Kementerian ATR BPN Capai Serapan Anggaran Sebesar 33,75 Persen

oleh -569 Dilihat
oleh
Rapat Kerja Bersama Komisi II DPR RI, bertempat Ruang Rapat Komisi II DPR RI, Senin (21/04/2025).

Jakarta, Luwuk Times— Menteri Agraria dan Tata Ruang/Kepala Badan Pertanahan Nasional (ATR/BPN), Nusron Wahid, menyatakan pagu efektif Kementerian ATR/BPN setelah efisiensi adalah sebesar Rp4.442.962.422.

Dari pagu tersebut, saat ini Kementerian ATR/BPN telah menyerap anggaran mencapai 33,75 persen.

Demikian Menteri Nusron dalam Rapat Kerja Bersama Komisi II Dewan Perwakilan Rakyat Republik Indonesia (DPR RI), bertempat Ruang Rapat Komisi II DPR RI, Senin (21/04/2025).

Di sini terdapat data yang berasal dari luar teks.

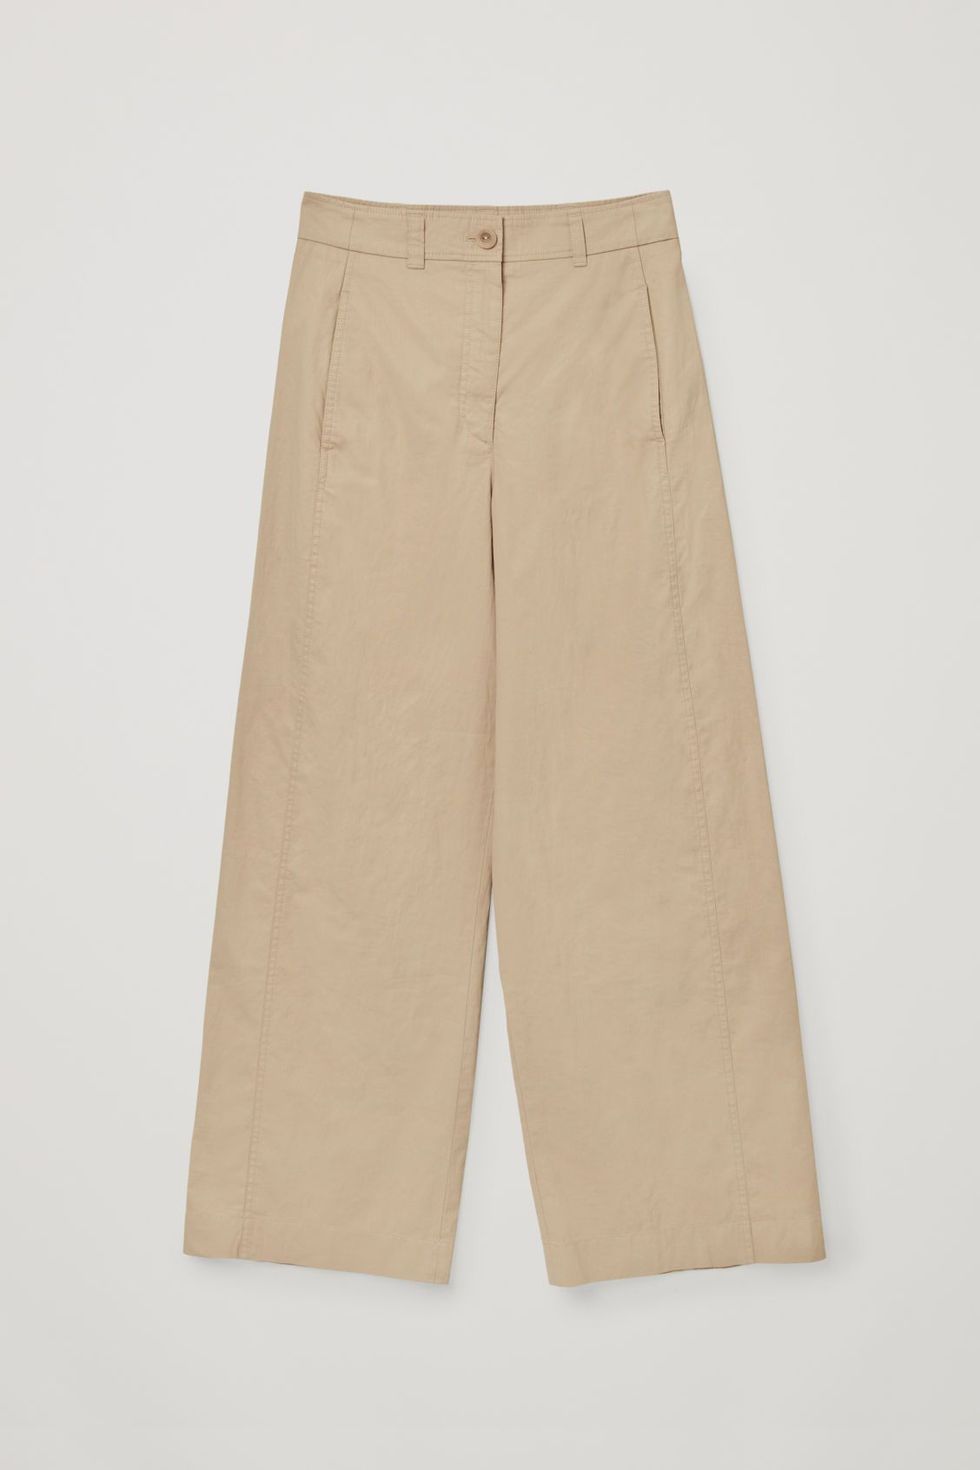 Pantalones beige anchos o la tendencia de otoño-invierno 2021/22

“Saat ini capaian serapan anggaran Kementerian ATR/BPN mencapai Rp1.499.353.620.462 atau telah tercapai sebanyak 33,75 persen. Capaian Penerimaan Negara Bukan Pajak (PNBP) sebesar Rp0,88 triliun atau sebesar 27,40%,” jelas Menteri Nusron.

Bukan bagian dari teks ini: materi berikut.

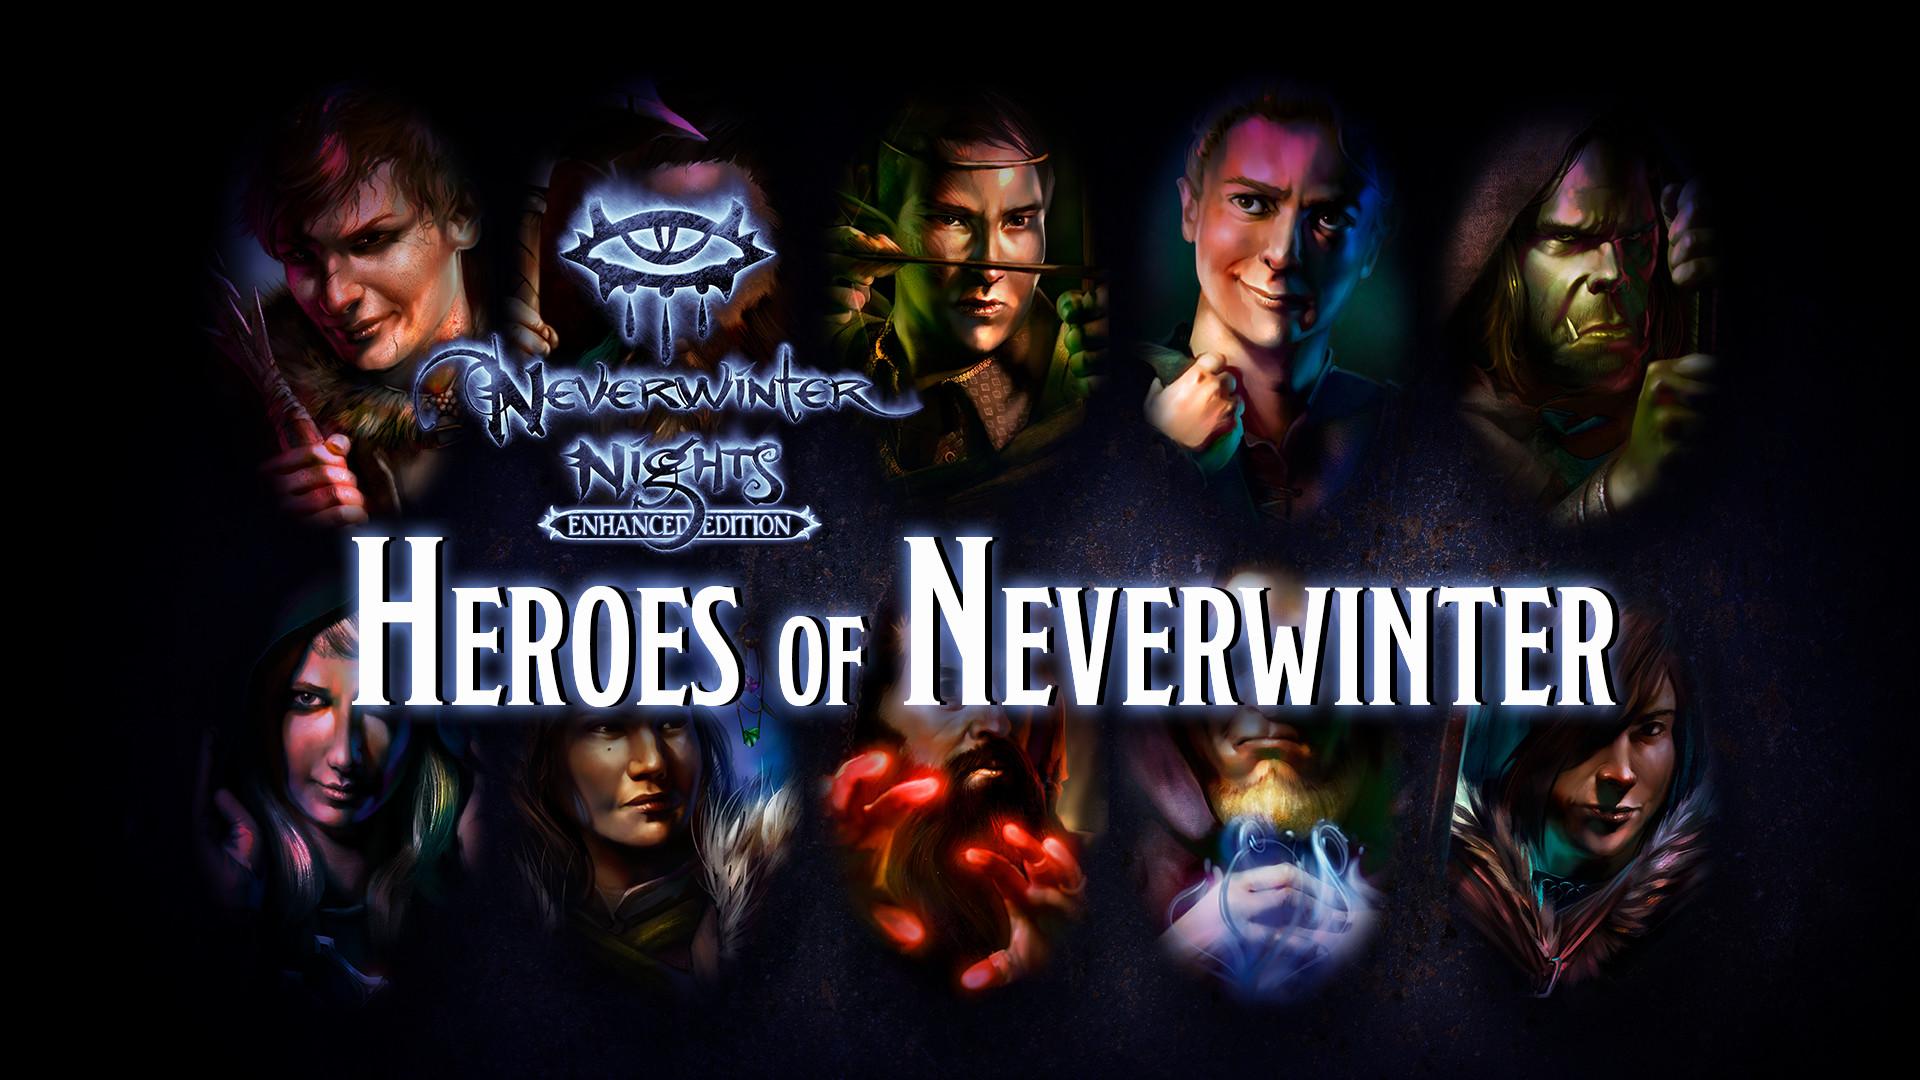 Neverwinter Nights: Enhanced Edition of Neverwinter

Berdasarkan capaian serapan anggaran tersebut, legalisasi hak atas tanah masih menjadi prioritas Kementerian ATR/BPN.

Menteri Nusron menjelaskan, per minggu kedua April 2025, capaian pendaftaran tanah sejumlah 121,64 juta bidang tanah (94,4 persen) terdaftar dari target 126 juta bidang tanah.

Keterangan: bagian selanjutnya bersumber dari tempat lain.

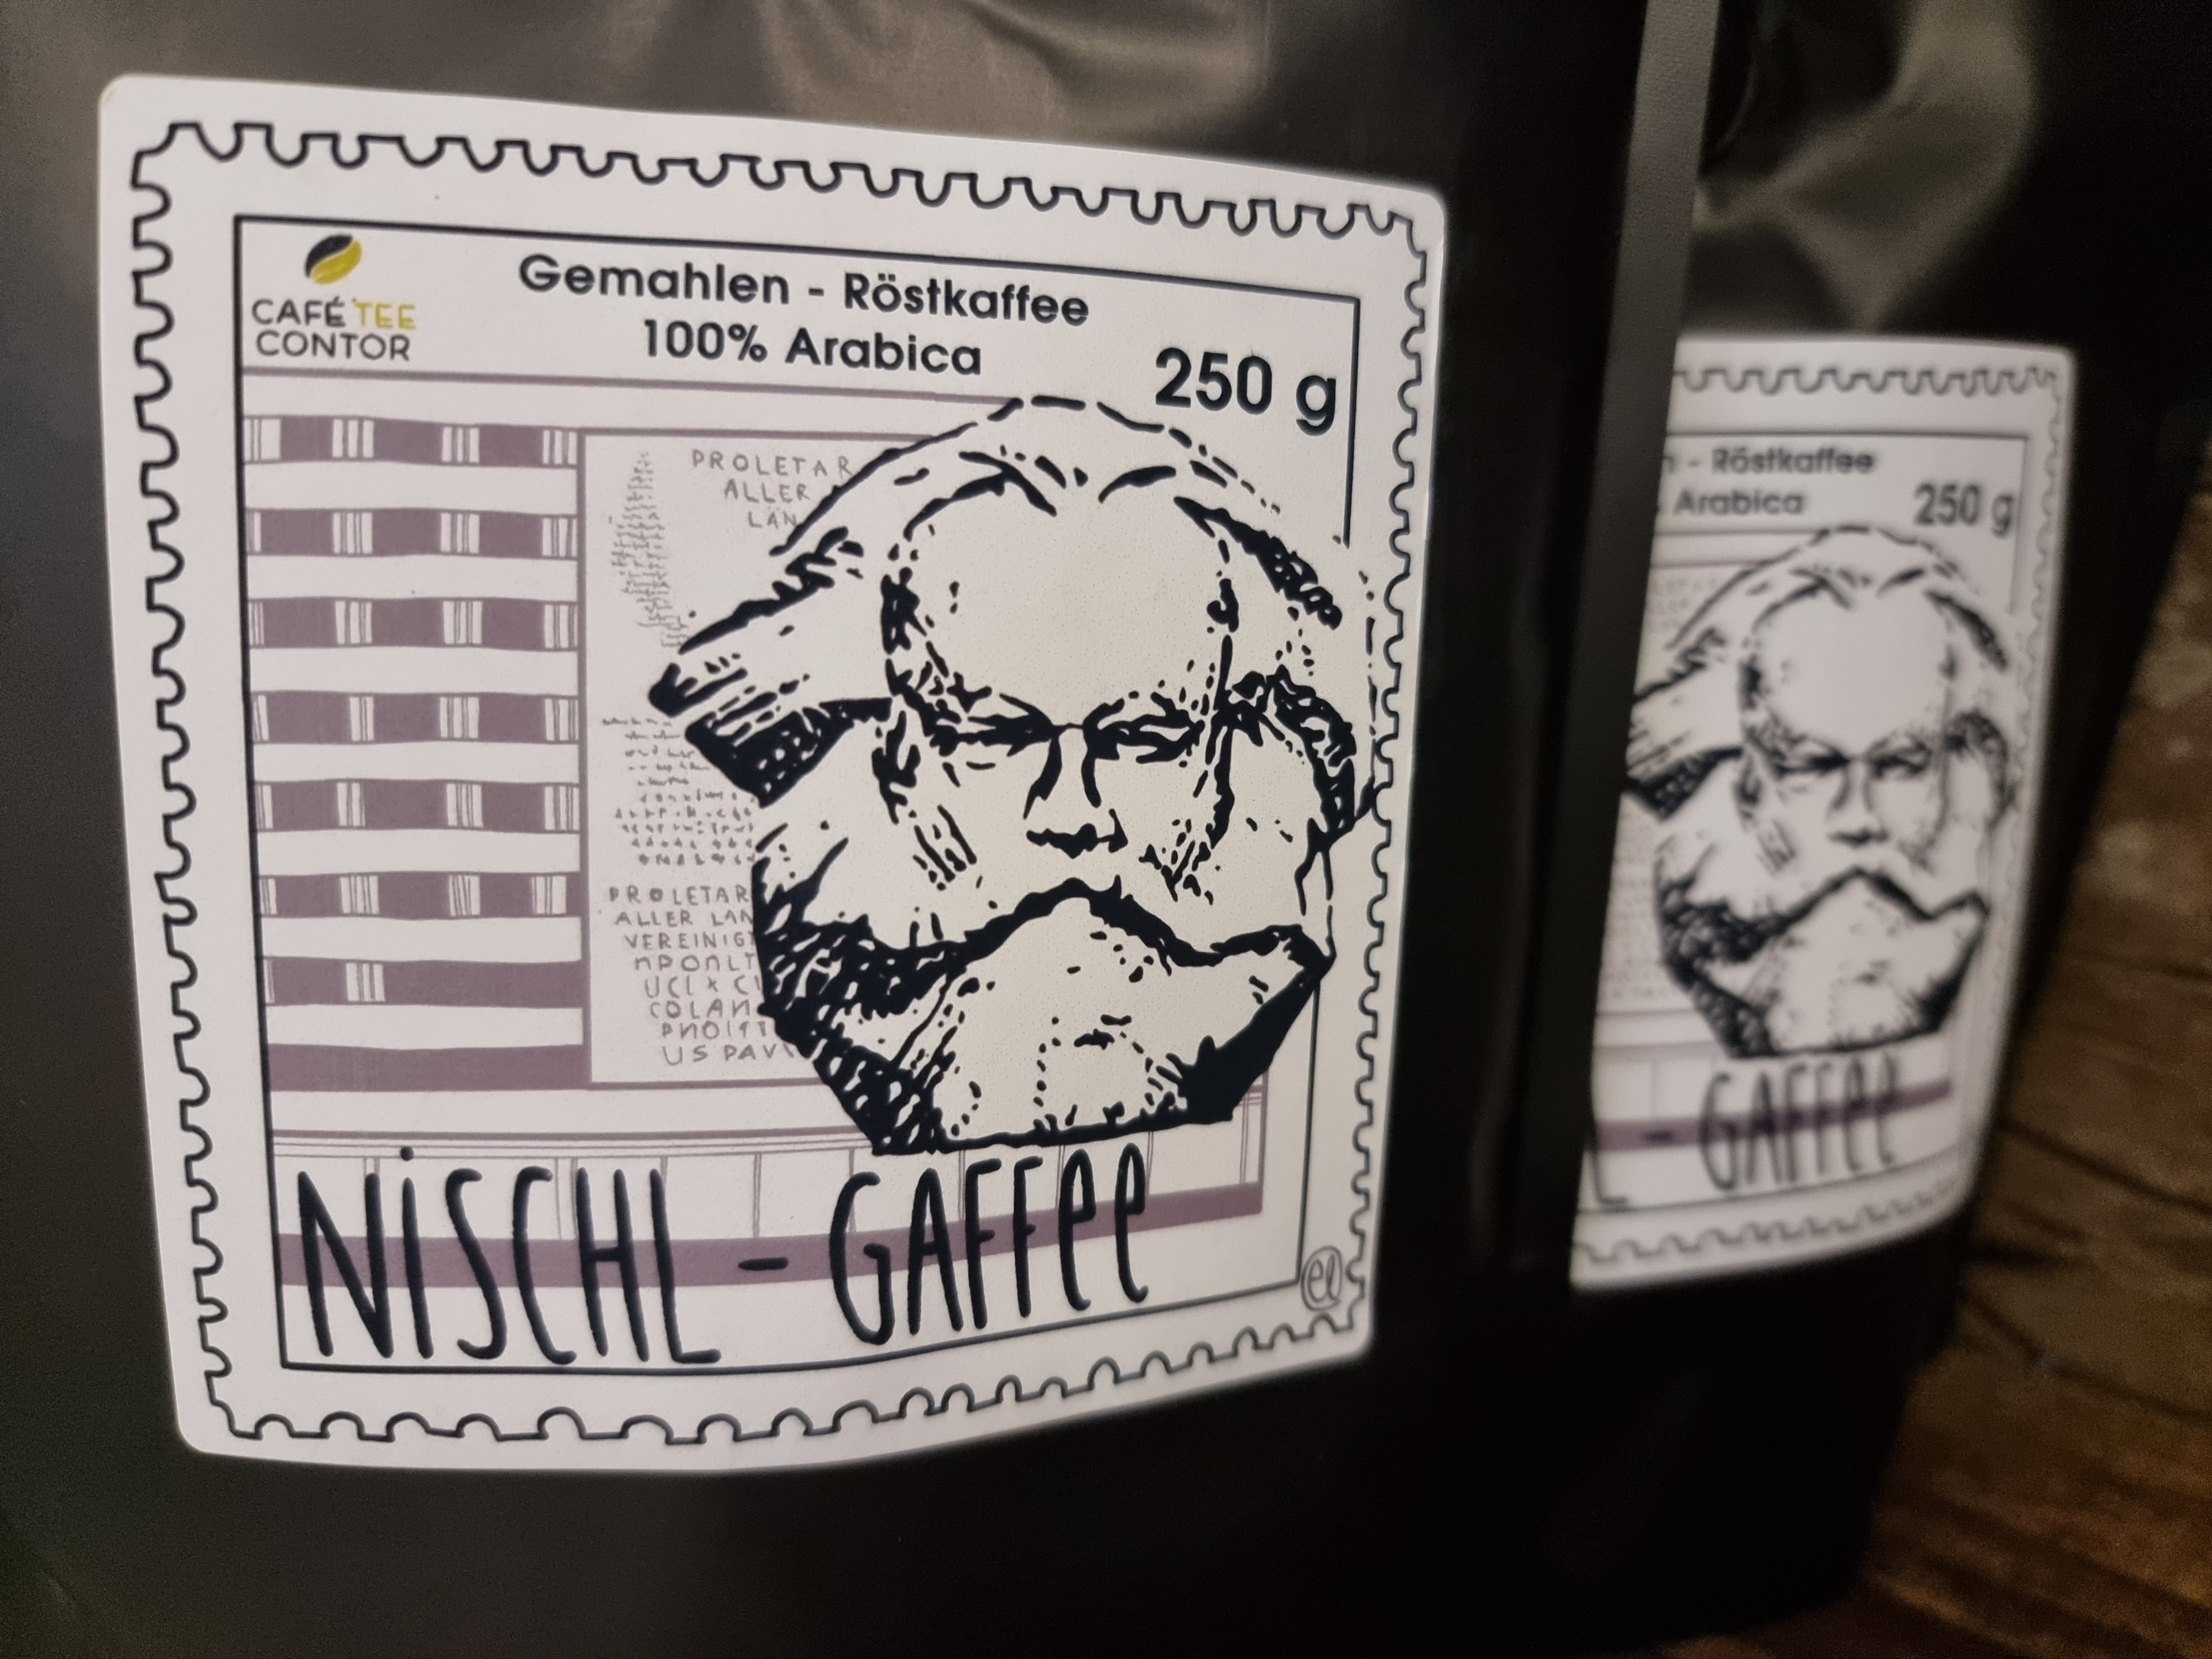 Kaffee Gourmet-Mischung "Nischl Gaffee" Chemnitz Edition

Baca Juga:  Kementerian ATR/BPN Raih Opini WTP 12 Kali Berturut-turut, Menteri AHY Apresiasi Kinerja Seluruh Jajaran

“Kementerian ATR/BPN juga tengah memprioritaskan pendaftaran tanah wakaf dan rumah ibadah sebagai bagian dari pendaftaran tanah. Saat ini sertipikat yang telah terbit sebanyak 267.994 bidang tanah wakaf dan 8.226 bidang rumah ibadah,” kata Menteri ATR/Kepala BPN.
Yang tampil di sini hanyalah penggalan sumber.